WHAT IS BEING ASKED:
Repeat the listing verbatim. Drop any pictures.

DATA SHOWN:
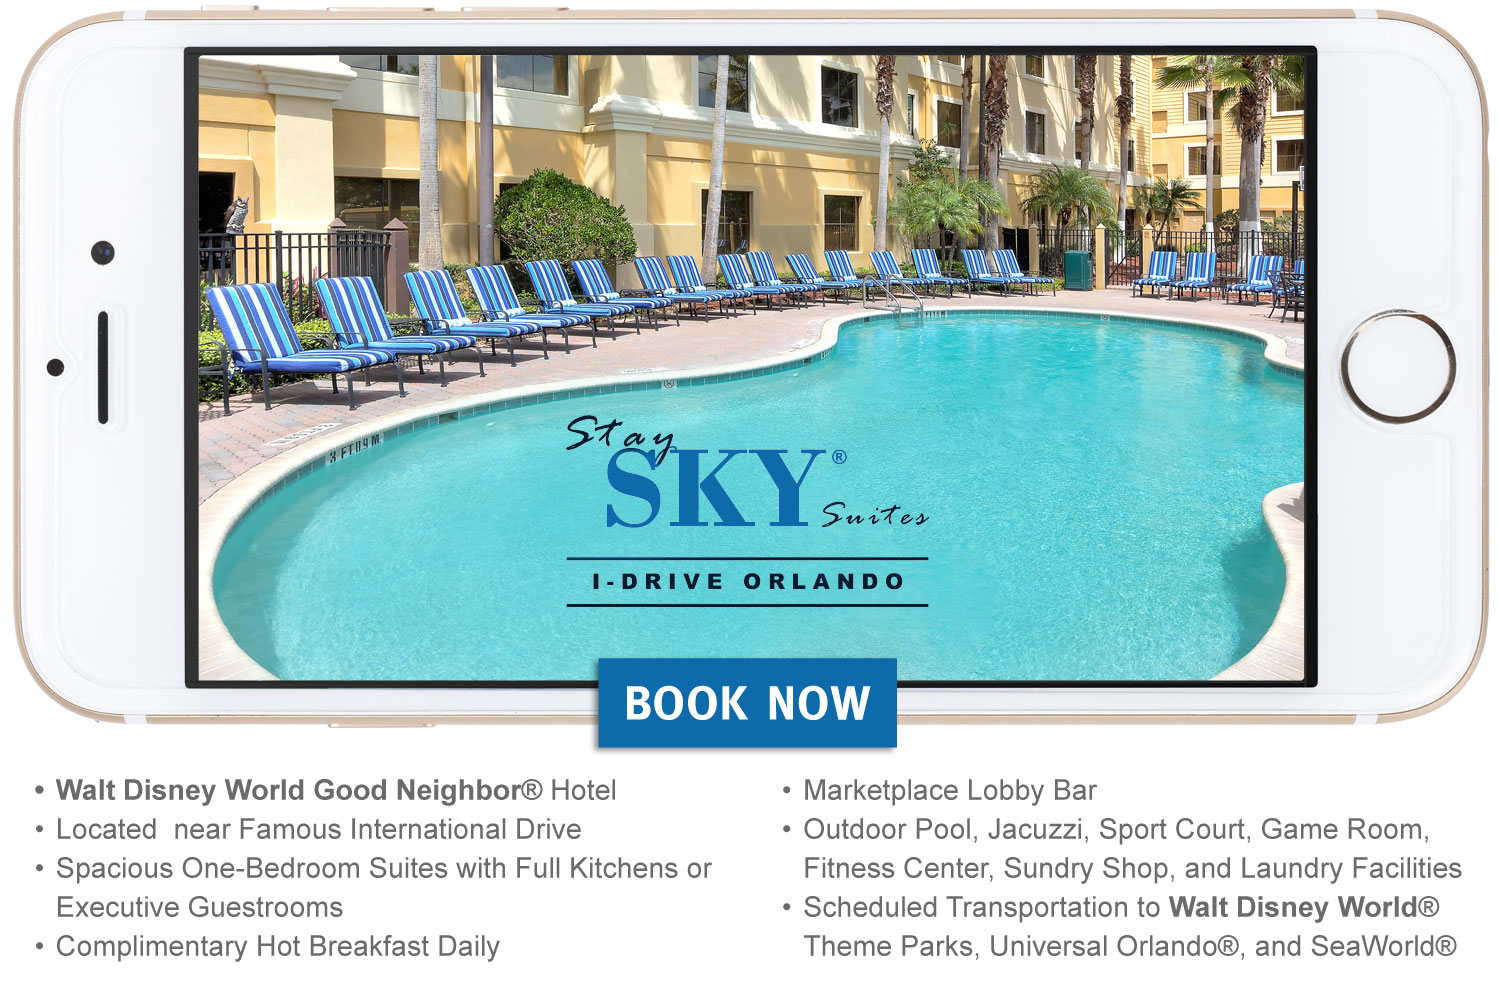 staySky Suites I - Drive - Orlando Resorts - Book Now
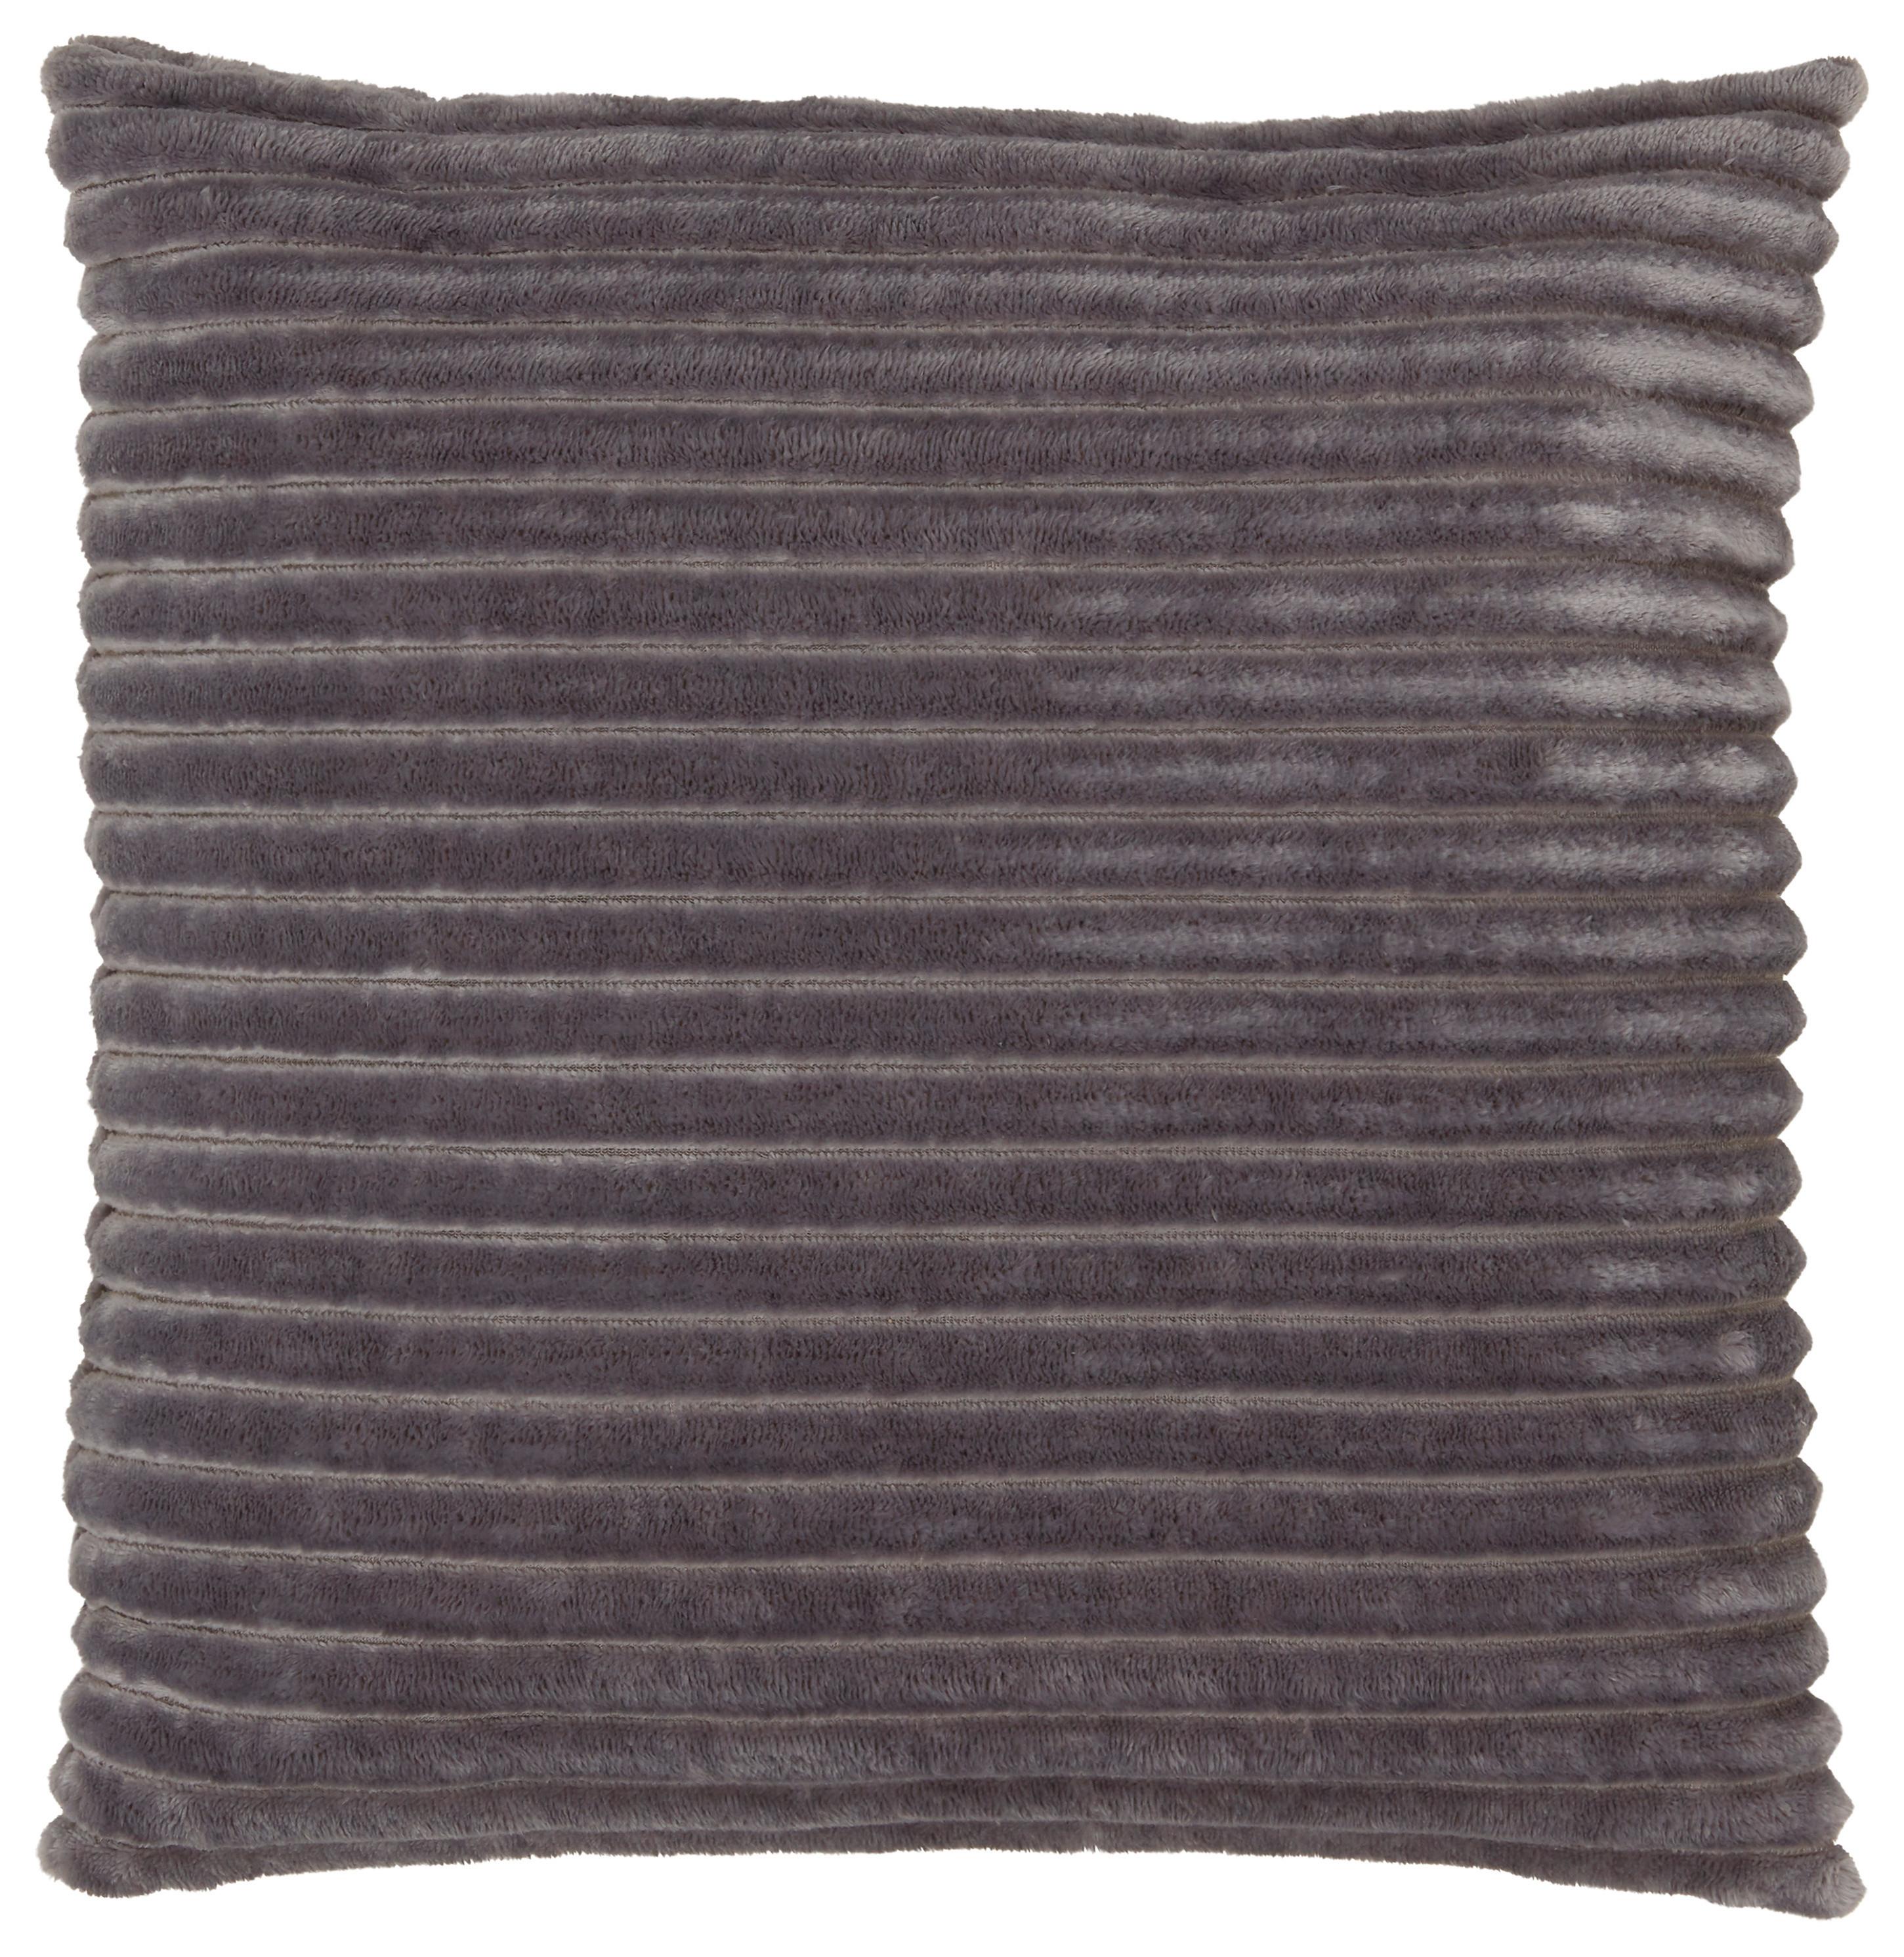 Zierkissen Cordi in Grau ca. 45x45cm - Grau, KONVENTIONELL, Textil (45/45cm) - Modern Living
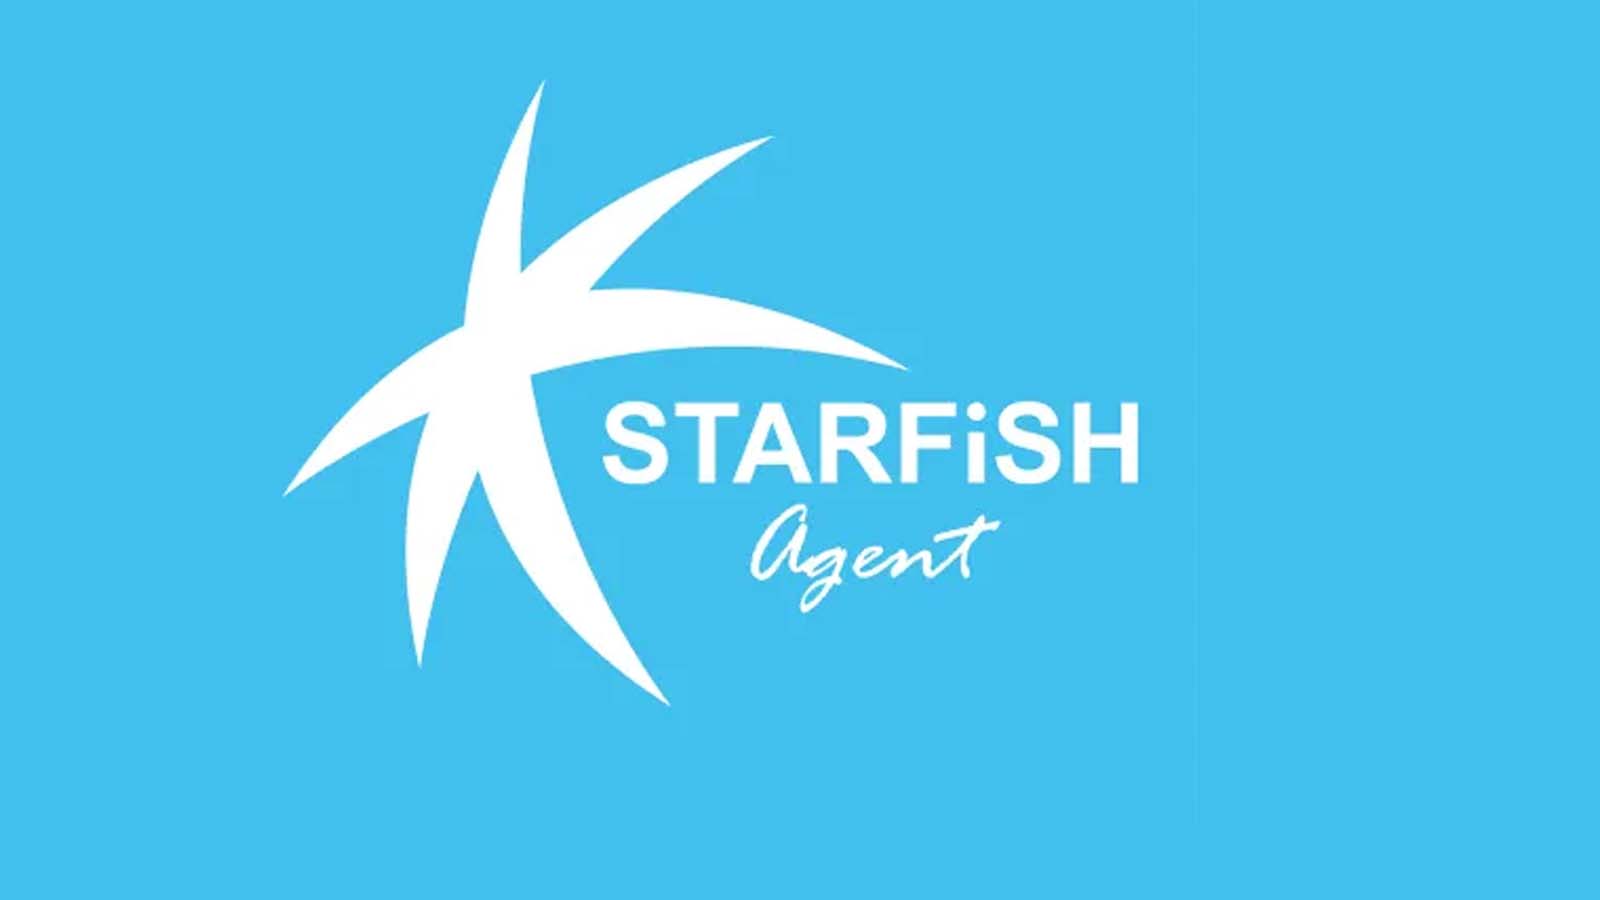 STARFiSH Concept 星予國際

WRITTEN ANSWER:
 staySky Suites I - Drive - Orlando Resorts - Book Now
 Zierkissen Cordi in Grau ca. 45x45cm - Grau, KONVENTIONELL, Textil (45/45cm) - Modern Living
 STARFiSH Concept 星予國際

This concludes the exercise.